# [DATA EXCERPT]
⟨
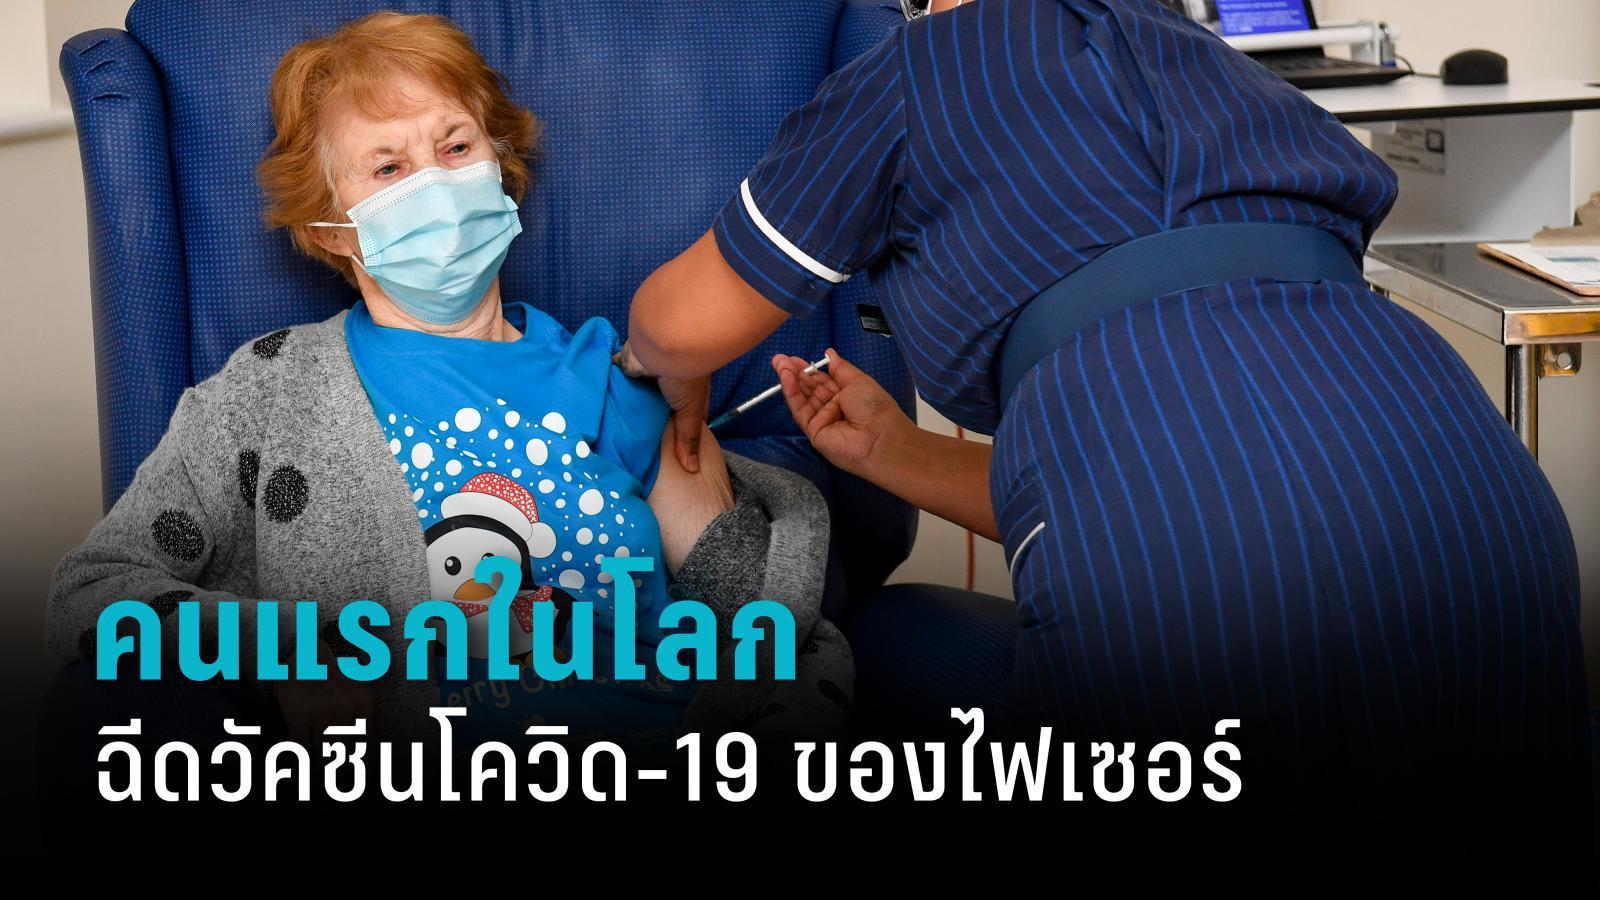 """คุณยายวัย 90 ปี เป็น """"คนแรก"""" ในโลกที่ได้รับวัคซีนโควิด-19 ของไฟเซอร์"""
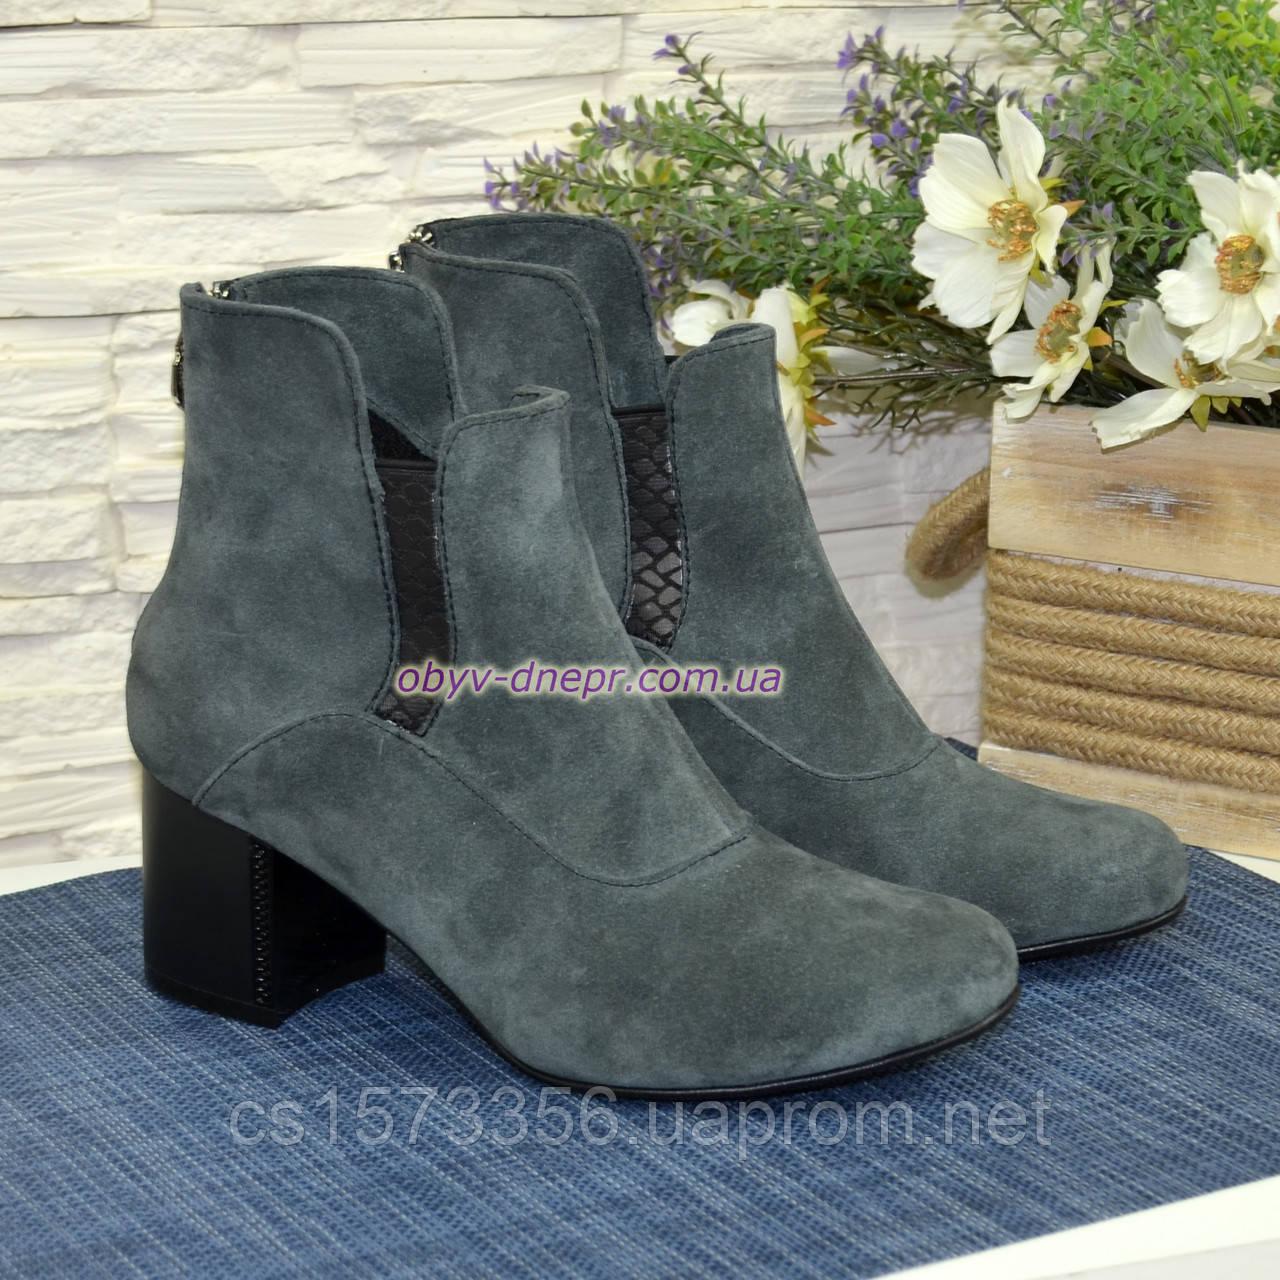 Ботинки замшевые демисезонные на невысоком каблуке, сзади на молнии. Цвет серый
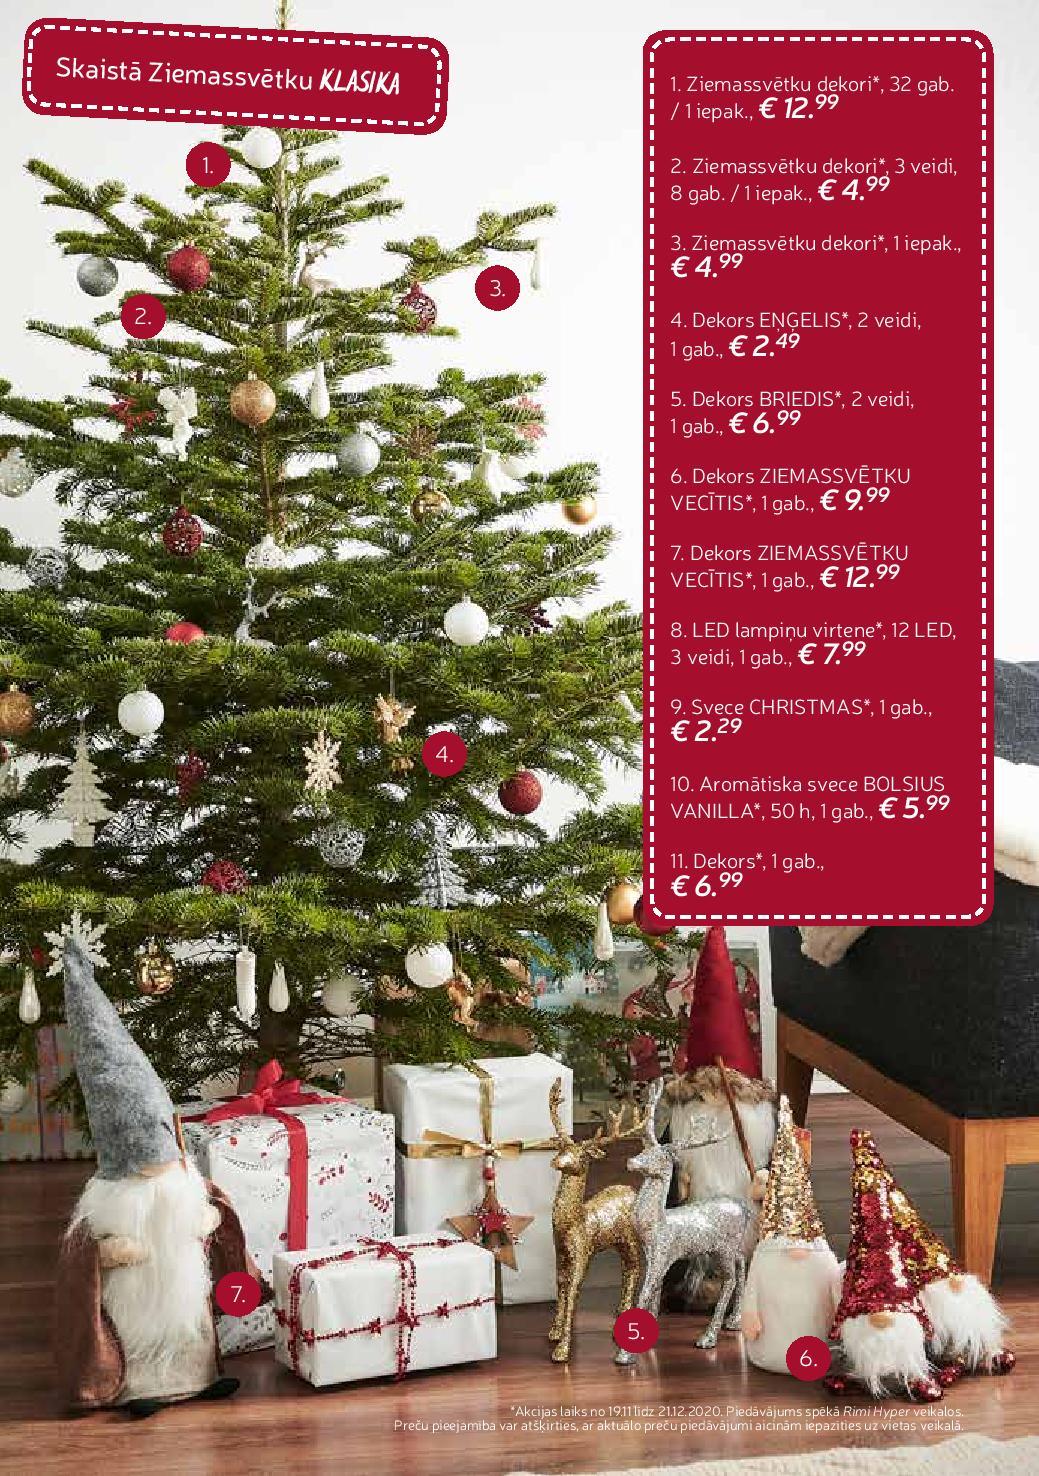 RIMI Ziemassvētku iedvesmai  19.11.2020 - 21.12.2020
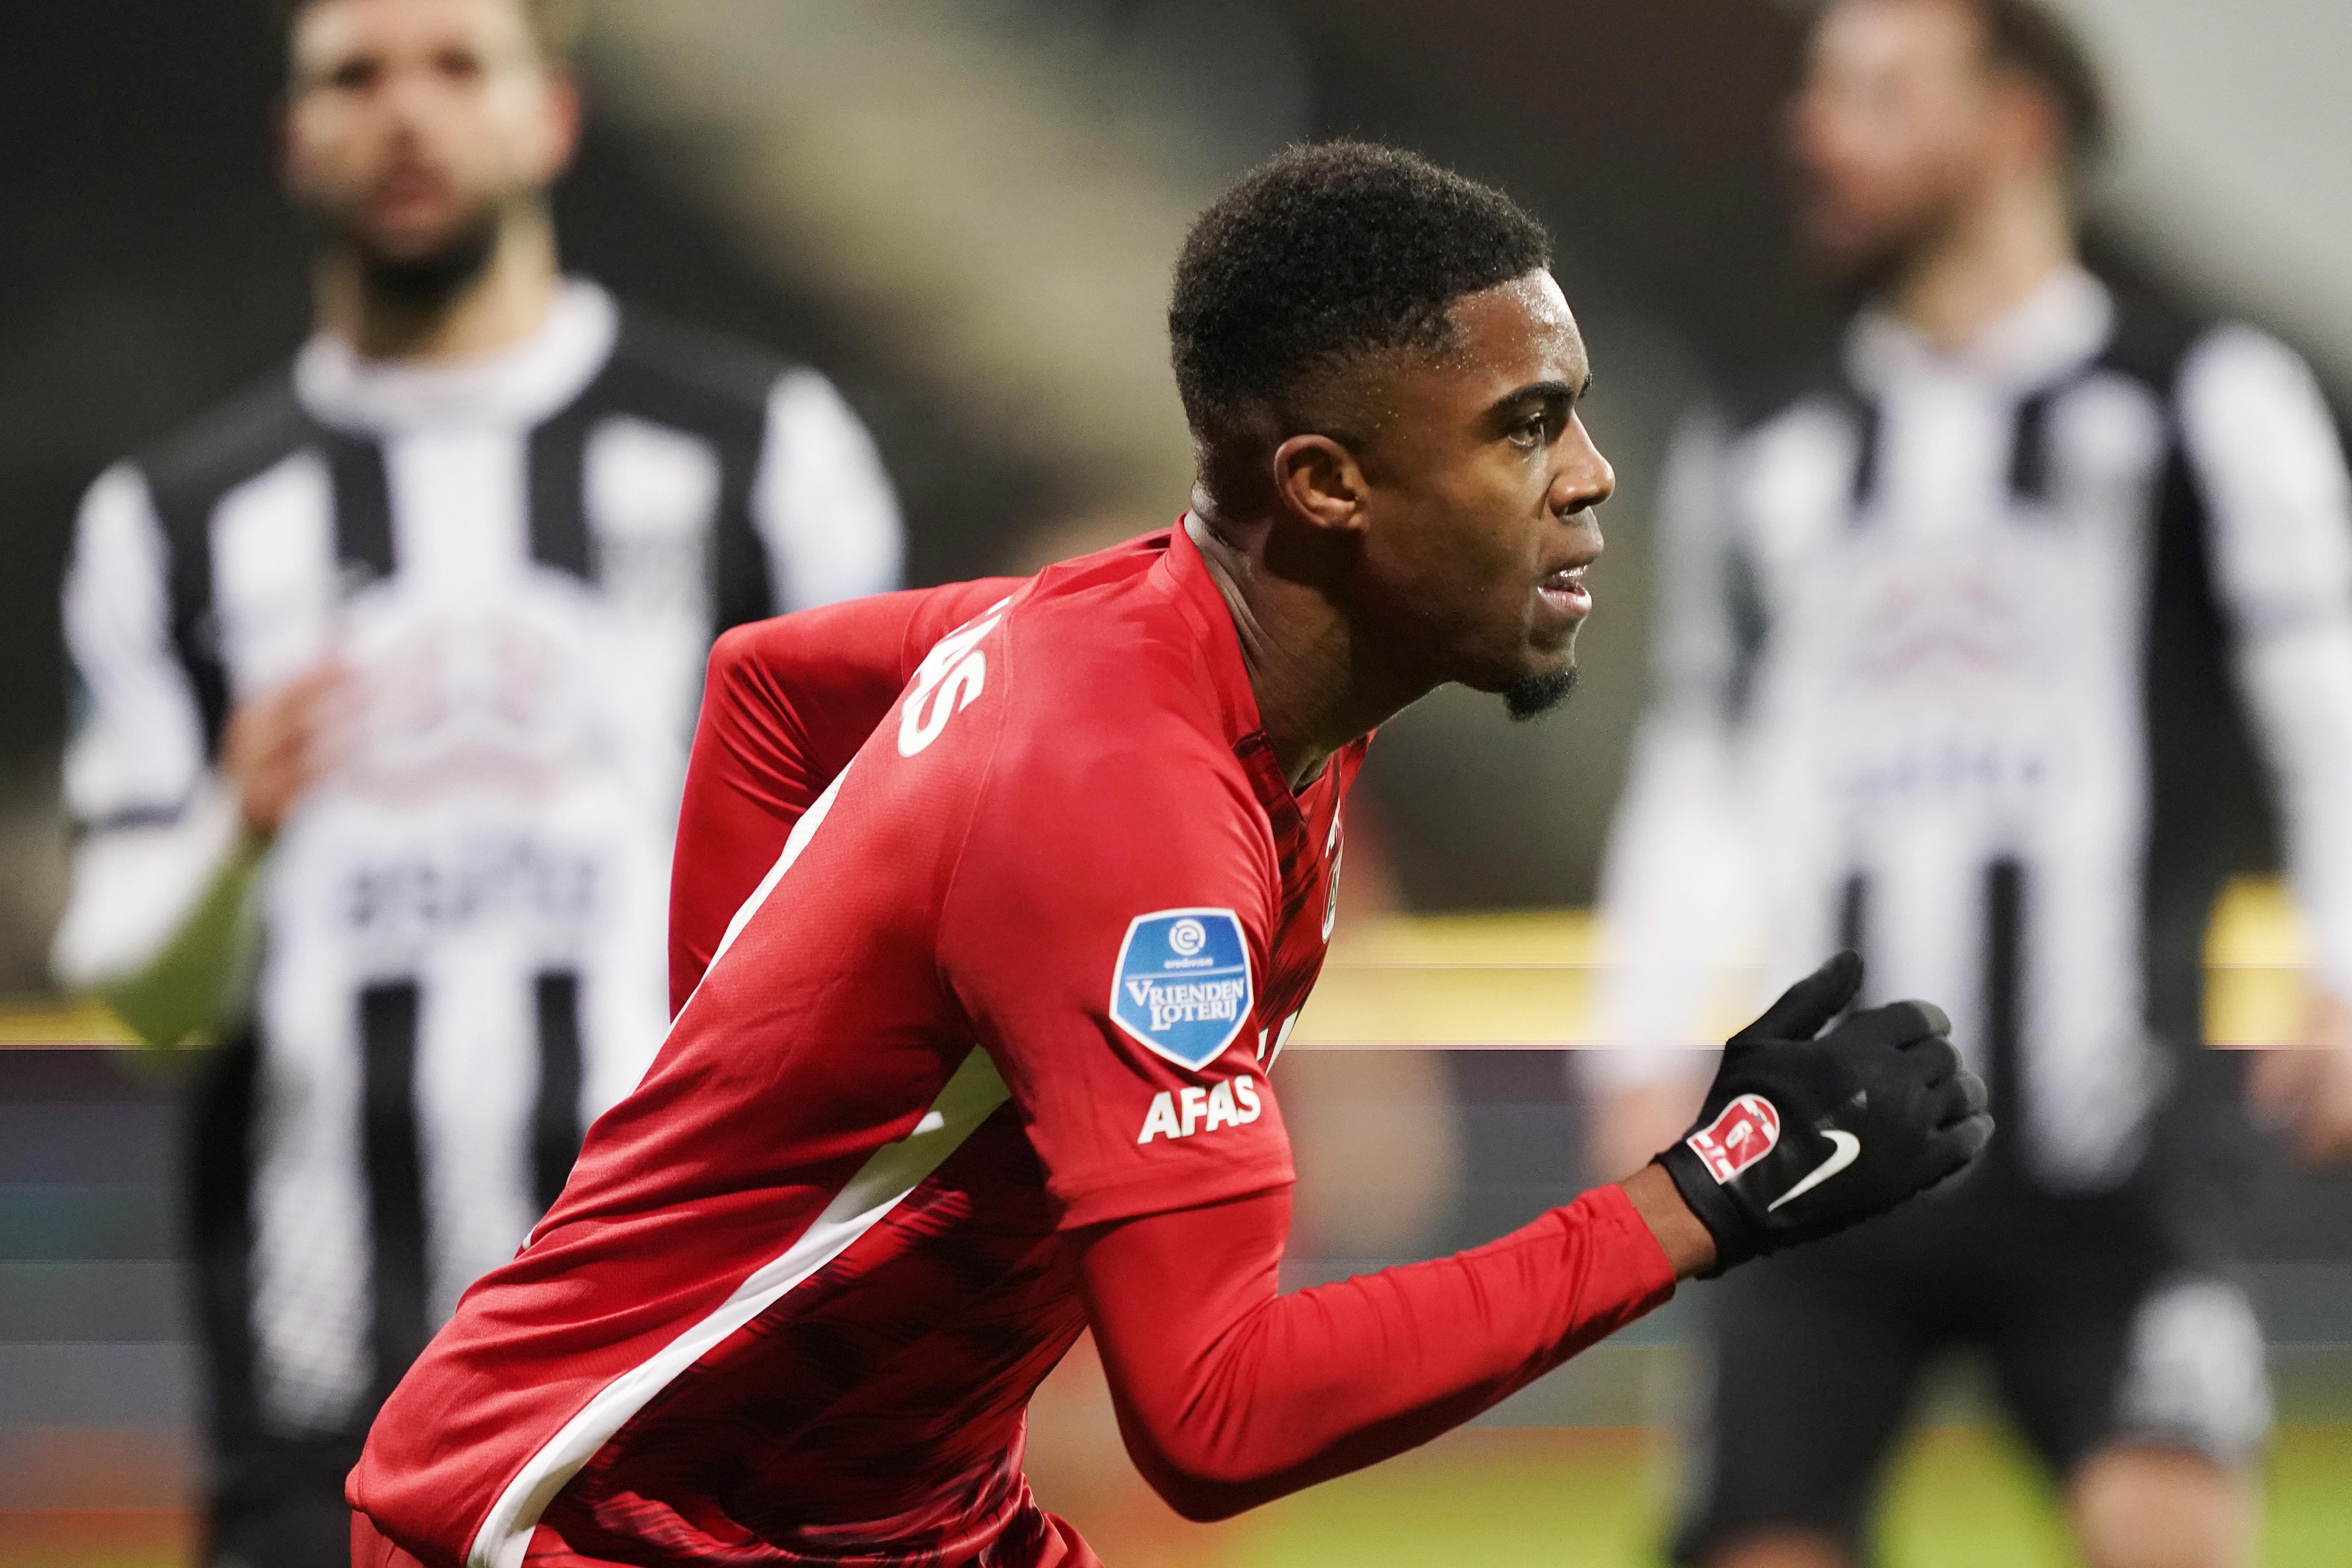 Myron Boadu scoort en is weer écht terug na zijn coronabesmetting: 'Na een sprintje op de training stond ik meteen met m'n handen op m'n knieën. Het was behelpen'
⟩
# [EXERCISE AIM]
Repeat each line word for word, from the one with "Ботинки замшевые демисезонные" down to the last line of the data, and keep the pictures out of it.

# [WRITTEN RESPONSE]
 Ботинки замшевые демисезонные на невысоком каблуке, сзади на молнии. Цвет серый
 RIMI Ziemassvētku iedvesmai  19.11.2020 - 21.12.2020
 Myron Boadu scoort en is weer écht terug na zijn coronabesmetting: 'Na een sprintje op de training stond ik meteen met m'n handen op m'n knieën. Het was behelpen'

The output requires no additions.